Table D-1. exachk Command Parameters

Configuration Parameter

Description

-clusternodes

Runs checks against the hosts in a comma-separated list. By default, exachk will run checks against all hosts returned by the olsnodes command.

-cells

Runs checks against the storage servers in a comma-separated list. By default, exachk executes against all hosts listed in the cellip.ora file.

-ibswitches

Runs checks against the specified InfiniBand switches. By default, exachk executes against the switches listed by the ibswitches command.

-dbnames

Runs checks against the comma-separated list of databases.

-dball

Runs checks against all databases running on the cluster.

-dbnone

Skips all database checks.

If we wanted to run exachk against none of the database, but execute checks for the first compute node, storage server, and InfiniBand switch, we would start exachk using the following options:

# ./exachk -clusternodes enkx4db01 -cells enkx4cel01 -ibswitches enkx4sw-iba -dbnone

When exachk has completed, it will give the location of the HTML report as well as a compressed archive that contains all of the files generated during the run. Typically, the report file is all that is needed, but the zip file contains other useful information, including patch inventory files for each Oracle software home and the raw data from all of the checks. Figure D-1 shows an example of the summary seen in an exachk report. The exachk HTML report is a comprehensive configuration check of the system. These checks include, but are not limited to the following:

  • Operating system kernel versions
  • Oracle database homes, patch levels, and databases registered within them
  • Exadata software image version
  • Maximum Availability Architecture (MAA) comparisons
  • Firmware version for all hardware components on each host
  • Operating system configuration files
  • ASM disk group adherence to best practices
  • Oracle clusterware parameters
  • Database parameter checks
  • Exadata storage server alert checks
  • InfiniBand switch configuration

9781430262411_AppD-01.jpg

Figure D-1. exachk report summary

The first section includes a system summary and overall score for the Exadata rack. While everyone likes to compare scores, remember that the score itself is not as important as the details surrounding the checks that have failed. Immediately following the system summary is the “Findings Needing Attention” section. This is where you will find any of the important messages in the report. Findings are broken down by host type and include a brief description of the problem, what components failed the check, and a link to further in the report with more details. Clicking that link will take you to a detailed overview of the check: a reference to the My Oracle Support note that describes the finding, what is required to remediate the failure, and, most importantly, the results of that check on each component that was investigated.

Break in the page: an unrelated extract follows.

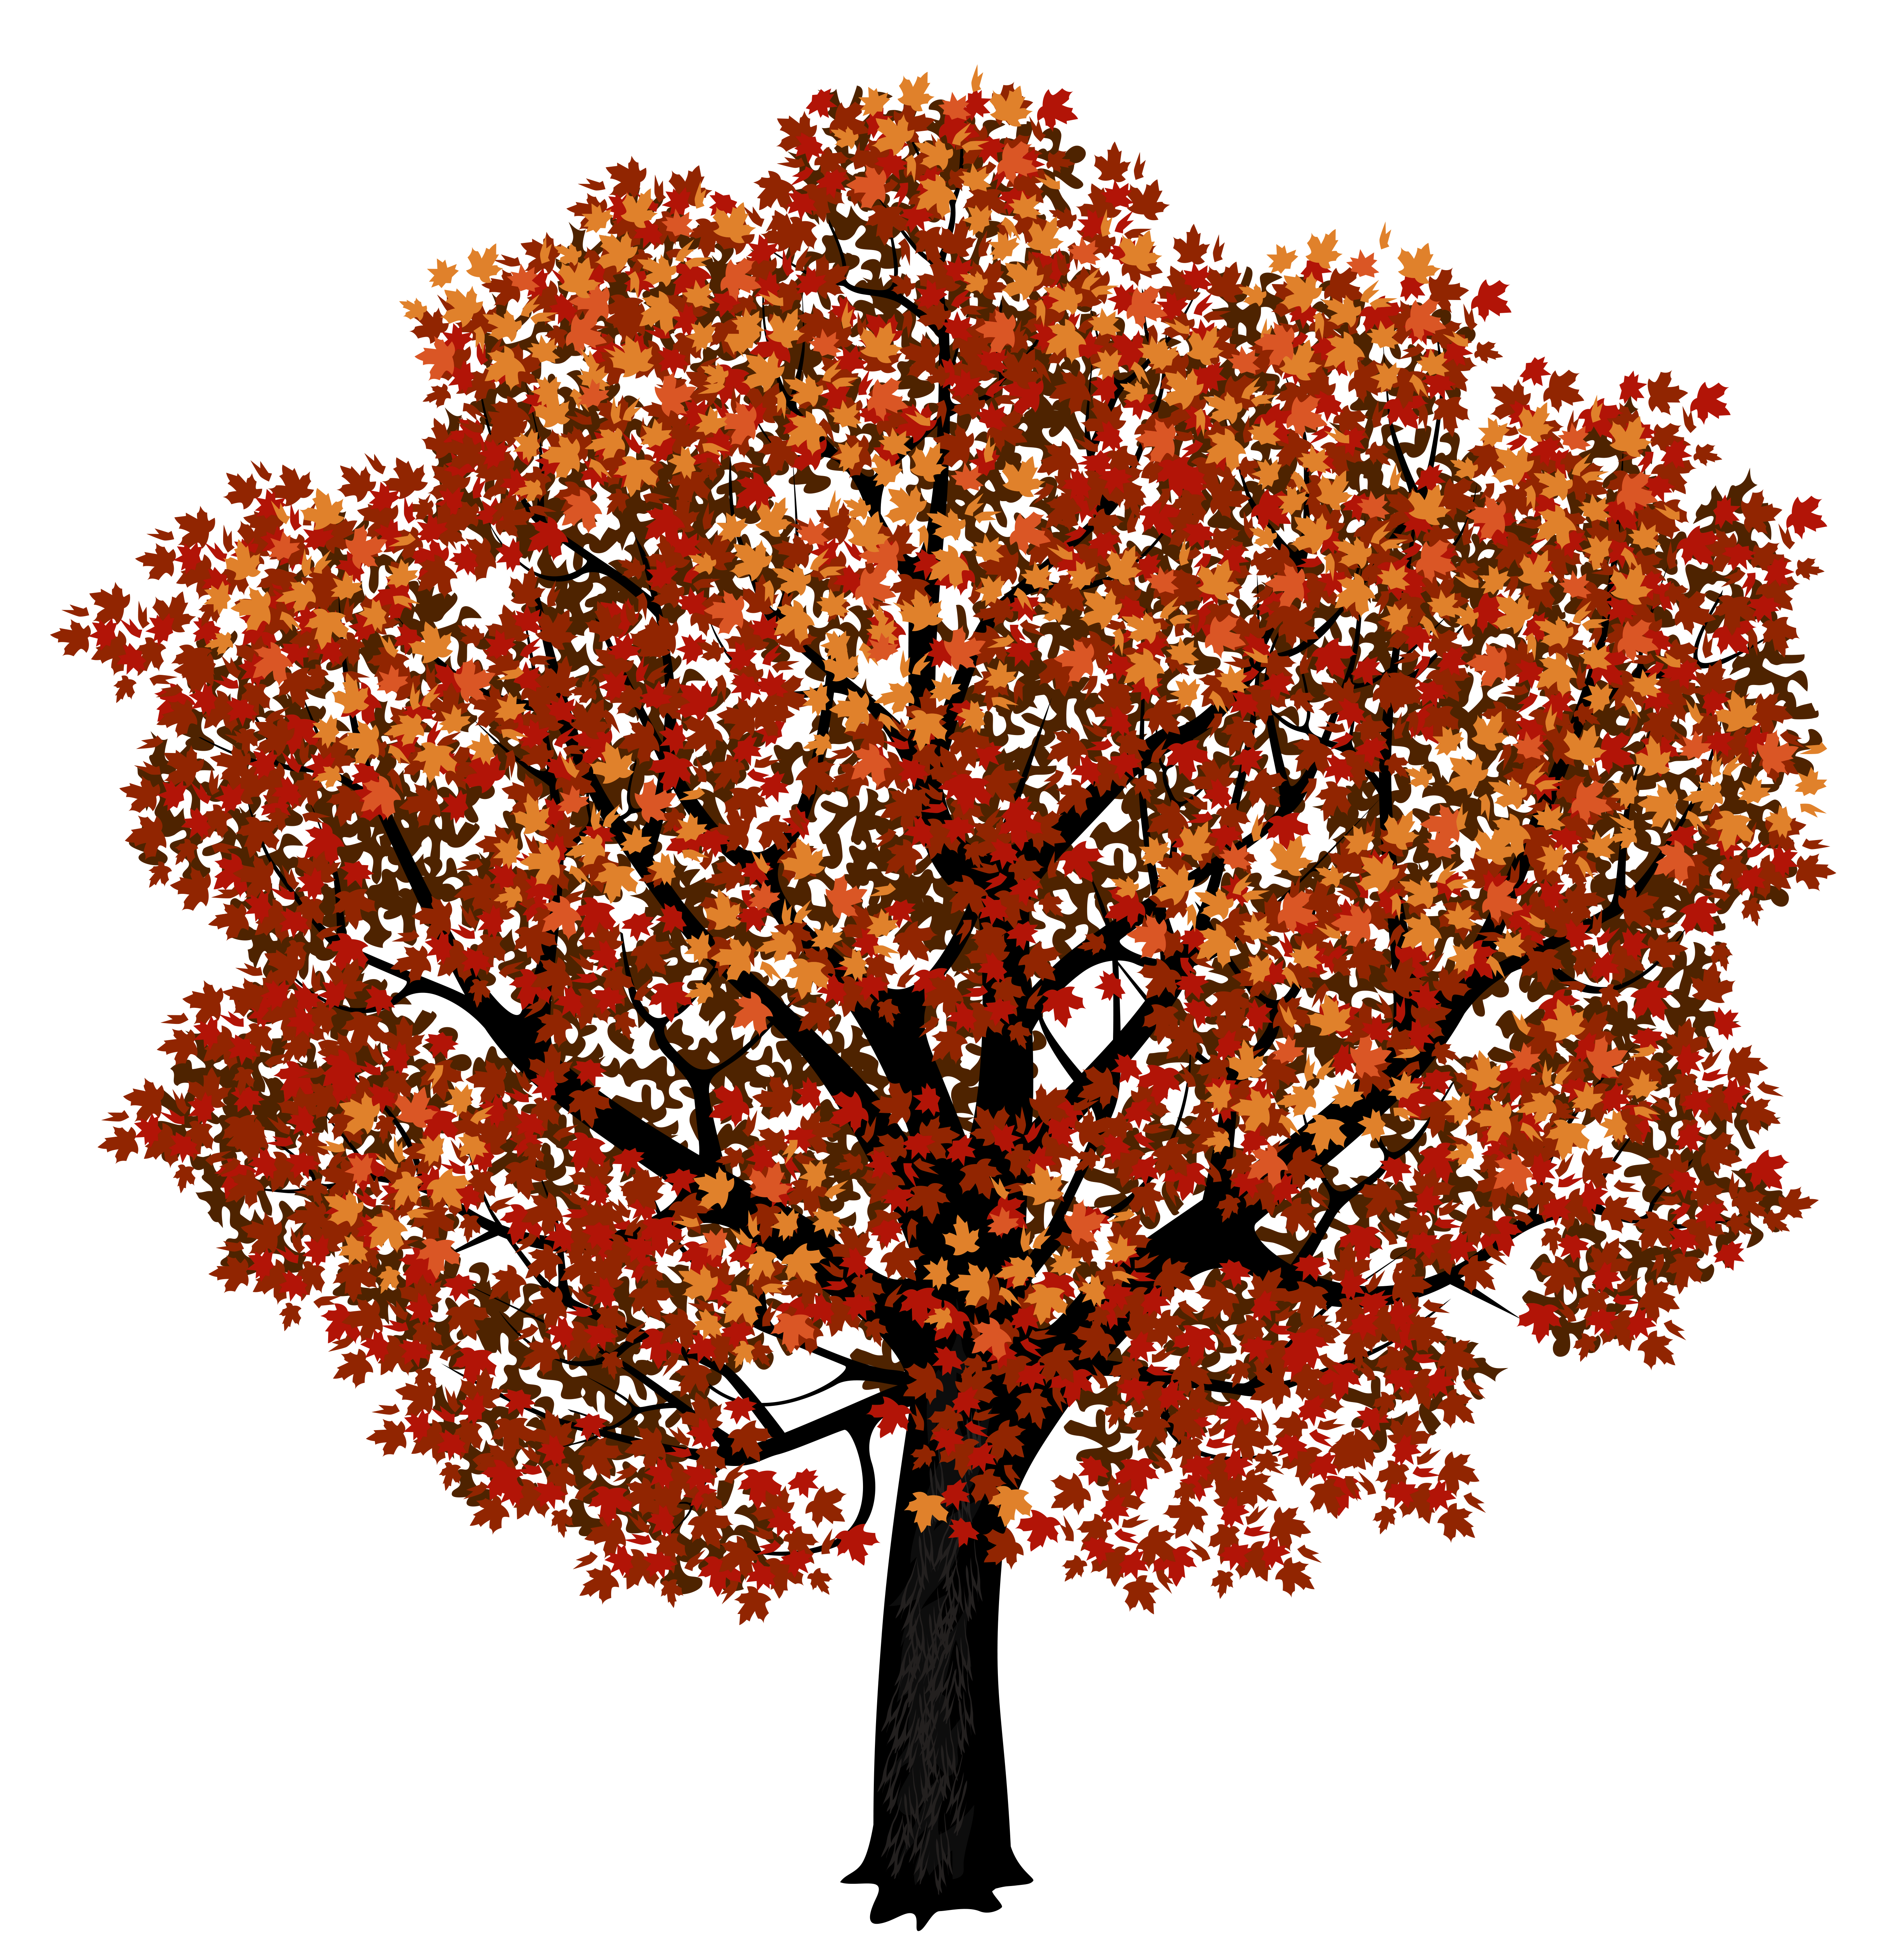 Orange Maple Tree Clipart Clipground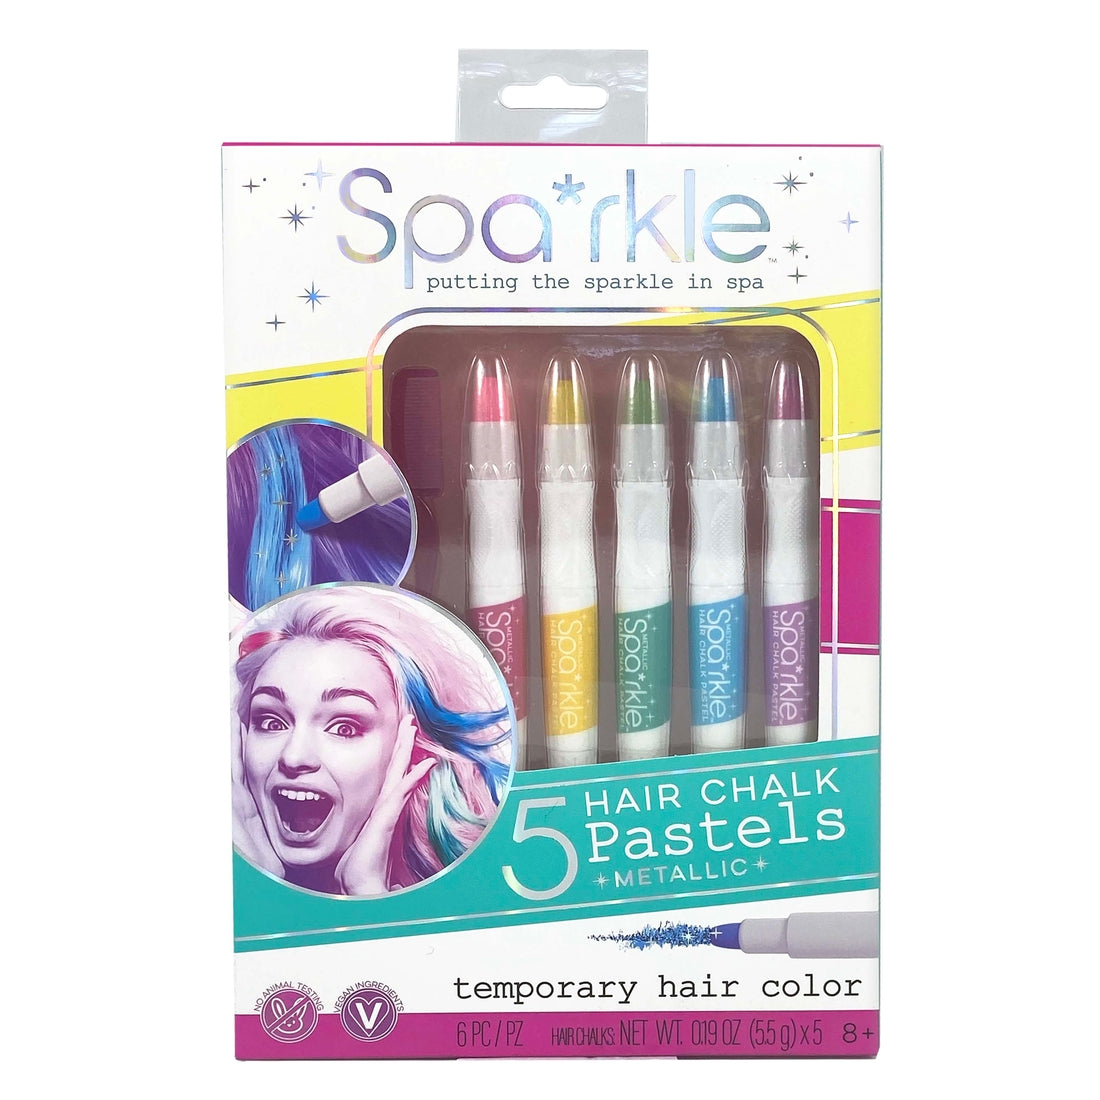 Spa*rkle Hair Chalk Metallic Pastels

After the “Findings Needing Attention” section, you will see the MAA scorecard section. This scorecard validates databases against Oracle’s Maximum Availability Architecture. These checks include looking at each database for Data Guard configurations, whether flashback is enabled, as well as the presence of block corruptions and various database parameters. While many customers will not fully pass the MAA checks, they provide valuable insight into what Oracle recommends from a high availability perspective. Finally, an “Infrastructure and Software Configuration Summary” is provided. This section details the configuration of the hosts, including network settings, ASM storage utilization, and Exadata Storage Server configurations.

Oracle also provides several profiles that can be used with exachk to execute a specific subset of checks. These profiles can be selected by adding the –profile parameter to the command used to launch exachk. Table D-2 defines the profiles available in exachk version 12.1.0.2.4.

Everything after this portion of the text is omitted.